(no subject)

May 13, 2005 00:14

I dont know what the word i'm looking for to describe how i am when it comes to guys…pessimistic perhaps, in the way i think things wont go well or that they will turn out bad or that i will wish i never got involved.
I think this way b/c i have done so my whole life and it has kept me out of major heartbreak thus far, but so many people say that love is about chance. But i dont know if i'm ready to take that chance and i dont really have time for it, at least once school starts again.
I am good about trusting my gut feelings. The stuff I have gone by, said no about, and walked away from have turned out being the right decision, often I would just see why later. People would argue with me saying it was just being me afraid of relationships, which in an extent, could be true. But then afterwards I have had the same people come up to me and say “yeah, I see it now that you guys would have never worked even though I thought you were crazy before b/c it seemed perfect.”
So then I think, yeah, I’m good to be this way. But then what about when I actually start to like a person? What do I do then?
Who knows…I’m not malicious about how I view guys, but especially after being in college, it has reinforced the belief how so many guys are so good at saying the right thing, making you feel special, make themselves seem like they are a great guy but they are PRETENDING, or just not supper genuine, just saying or doing stuff they know works.
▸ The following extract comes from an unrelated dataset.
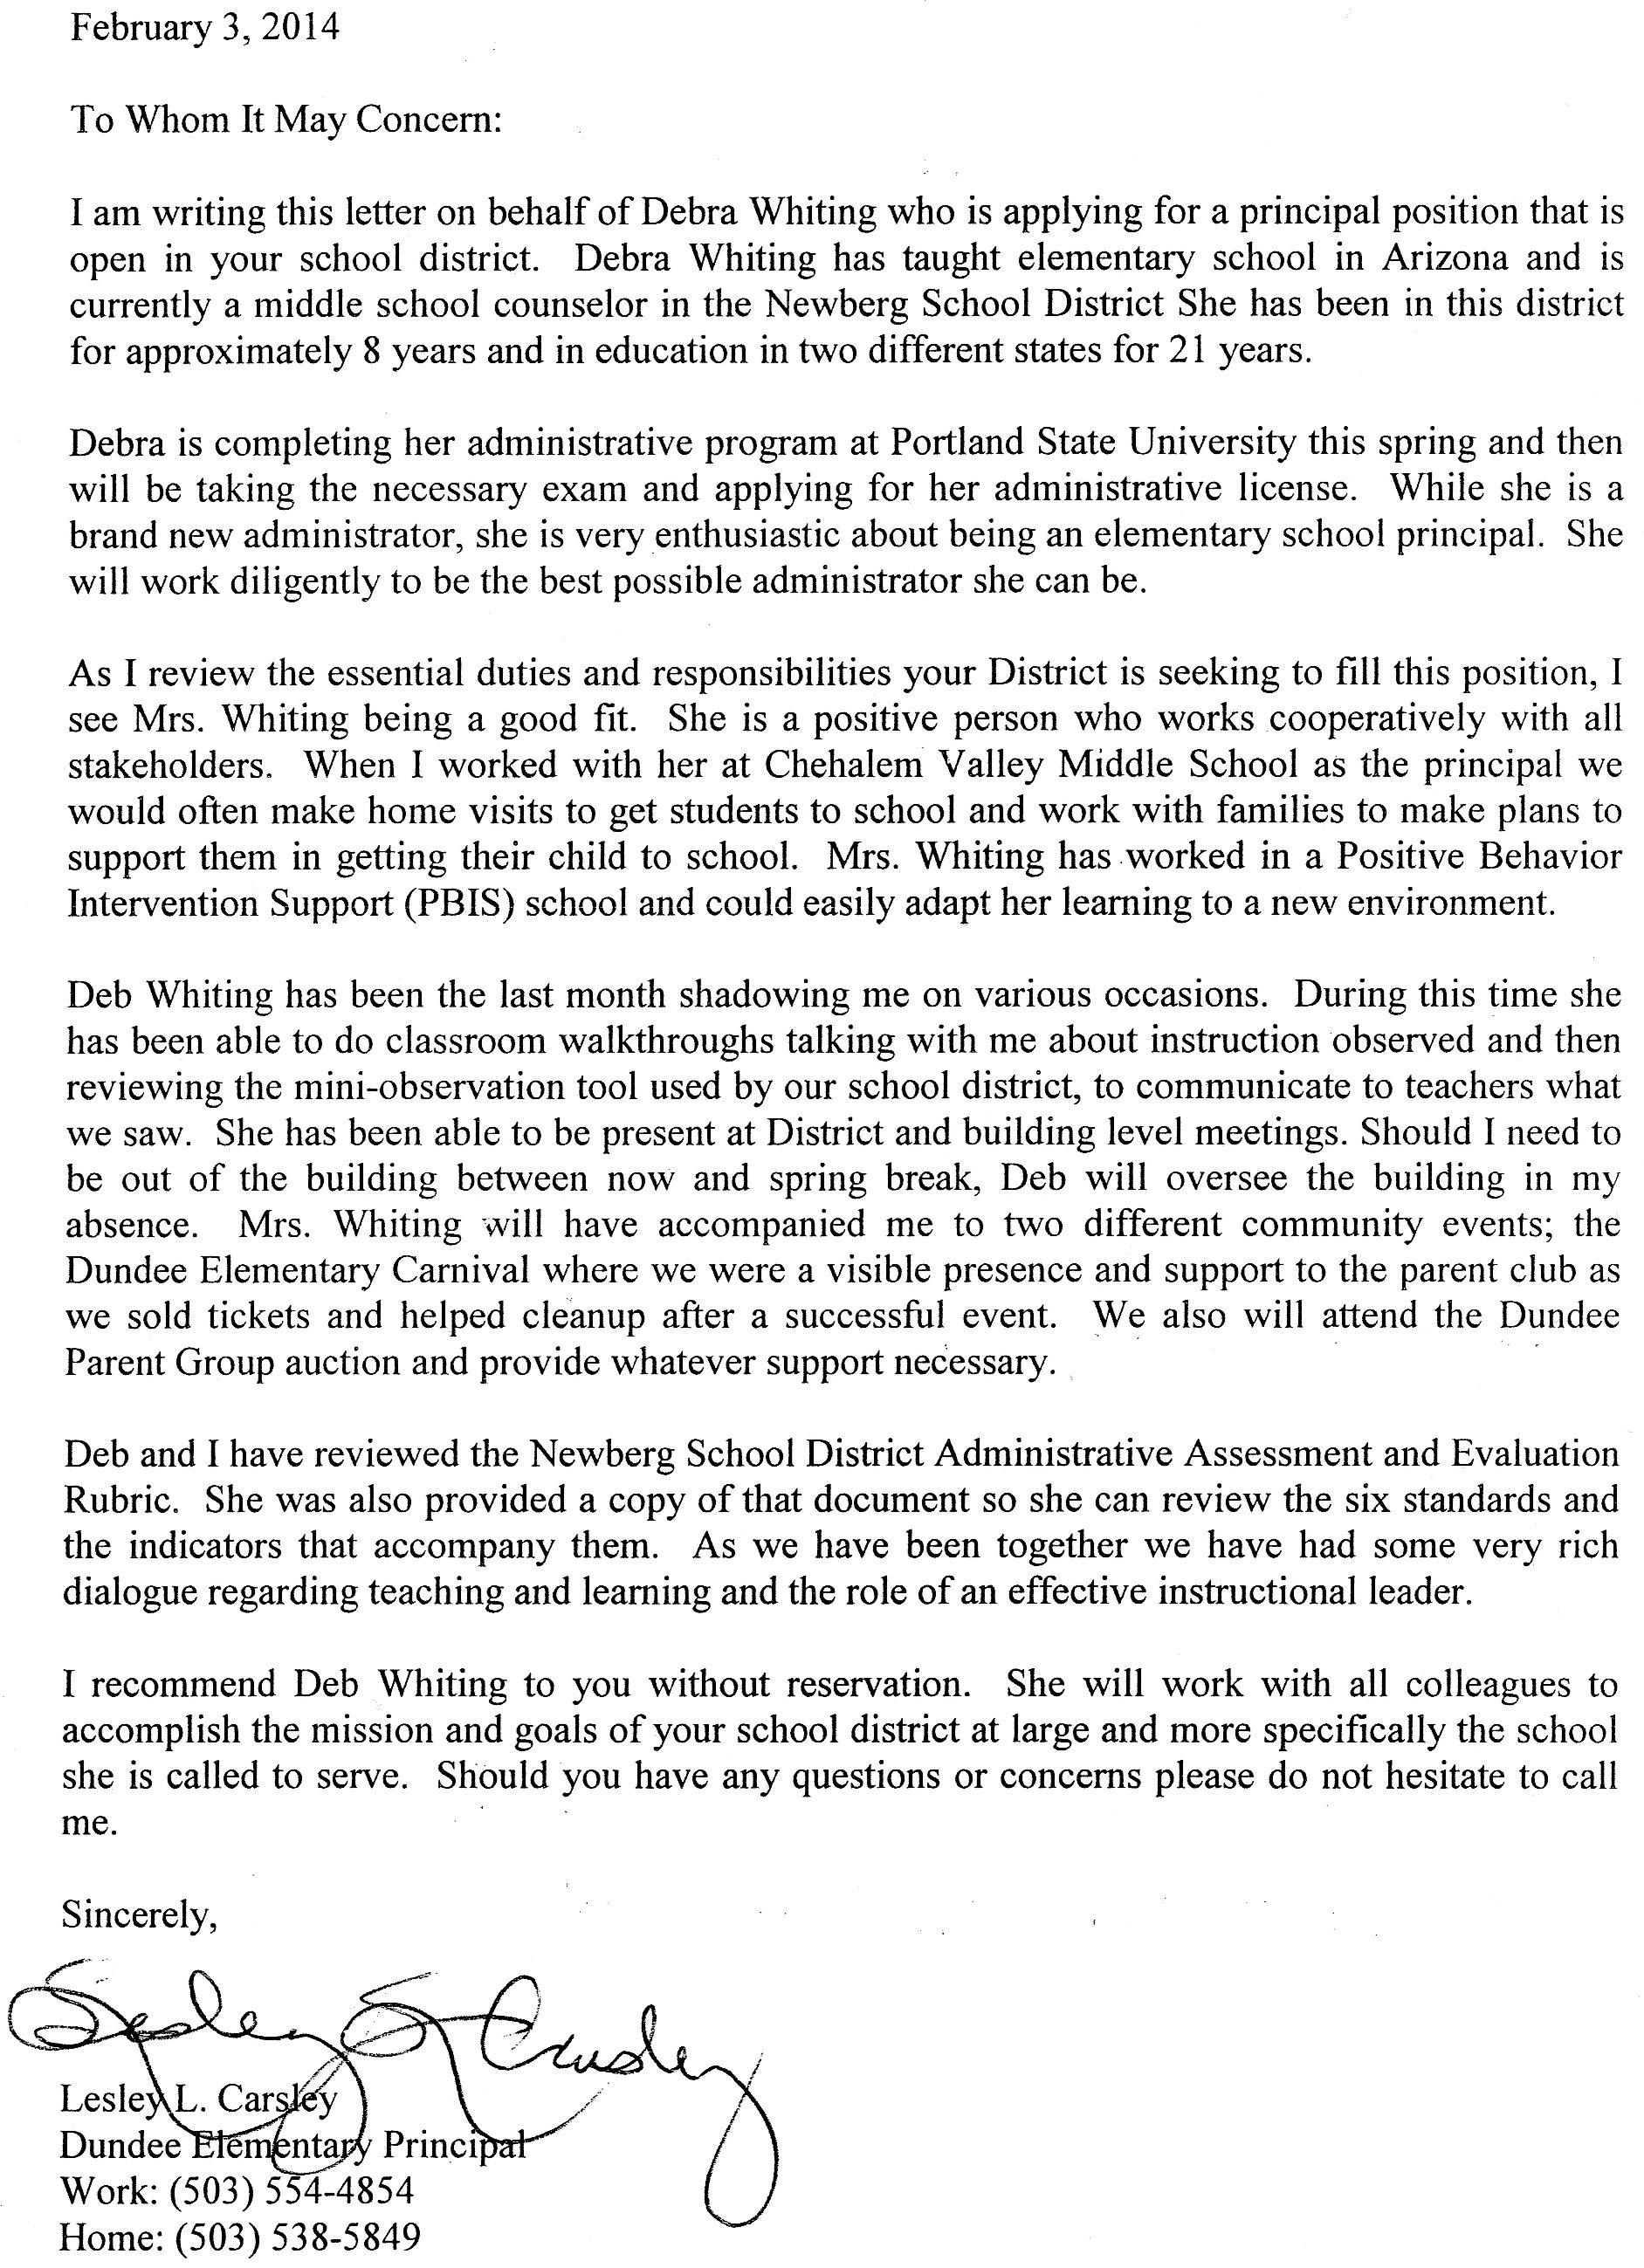 Reference Letter For School Principal Position   Best   Resume   Samples

Now is that how its supposed to be? I’ve heard love is a game. But I think it should be sincere if that’s the case.
Sometimes I feel like a jerk b/c I just don’t buy the nice compliments a guy will give me. I think of it as just a “line” or what not.
But I say nice things to my friends or whoever all the time that could be considered a “line” that isn’t very sincere. But I really don’t give compliments unless I really believe them as true.
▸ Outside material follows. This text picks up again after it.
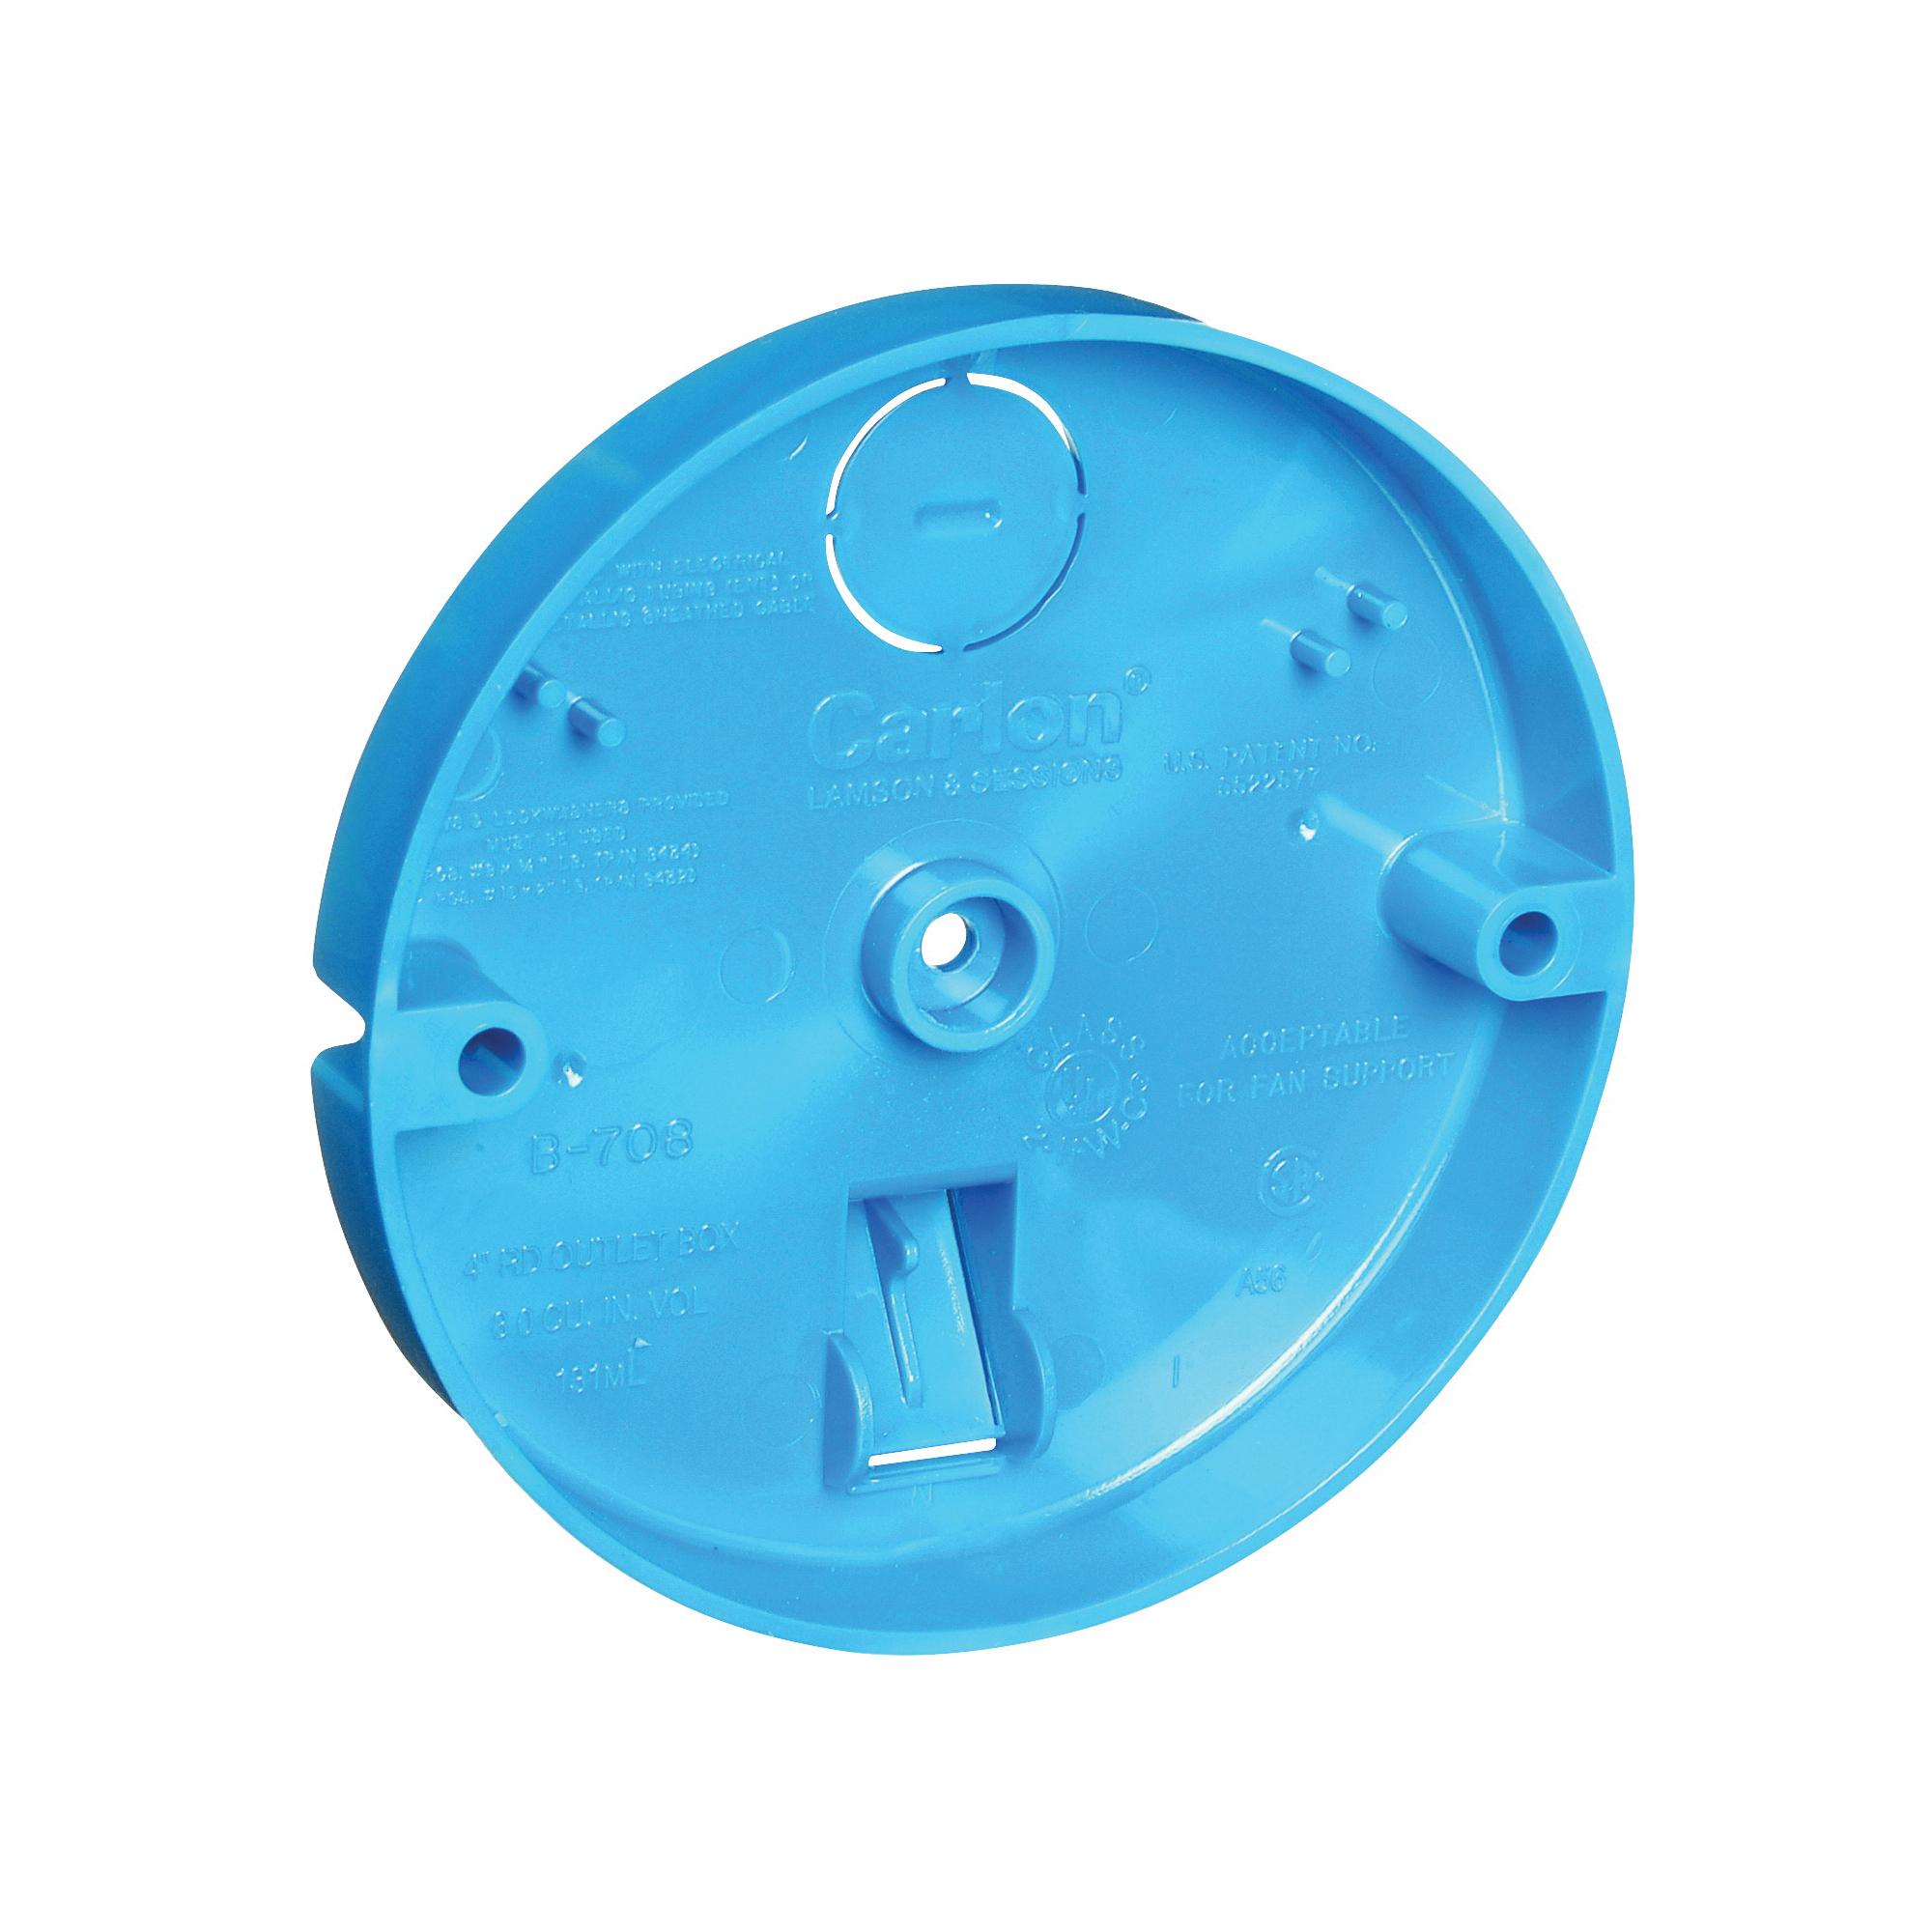 Picture of Carlon B708-SHK Ceiling Pan Box, 1/2 in L, PVC, Blue

So couldn’t other people be the same way? Sure they can, but when it comes to a guy who is interested in me that says them, I think of it as a totally different story, Which is probably not so nice of me, but that’s just my reaction. I don’t do it purposely.
Call it cynical or what you want, but I’m just a very suspicious person when it comes to that sort of thing
I’m so afraid of falling for someone who seems great but is really just putting on a façade.
I can always tell fake from fraud when it comes to my friends, so far I have yet to be wrong about my instincts on the guy or a girl that my friends date, but when it comes to someone your interested, your vision gets cloudy. That’s just what happens.
I’m usually too suspicious about everything to get to that point of being clouded, but if I do, I don’t have anyone to really tell me what they think b/c most of my friends just want me to finally date.
I don’t even know where I’m going with this. Basically I just need to learn how to trust guys a little bit more. I trust my guy friends, and I mostly have guy friends. But I trust them b/c they are just staying friends. There is no perusal of anything further. But I don’t want to trust the wrong guy and get hurt, or be one of those stupid girls who fall for the wrong guy.
Ok, I don’t know what I’m thinking. I still don’t even know what I’m trying to get across…I had an idea in the beginning but lost it along the way.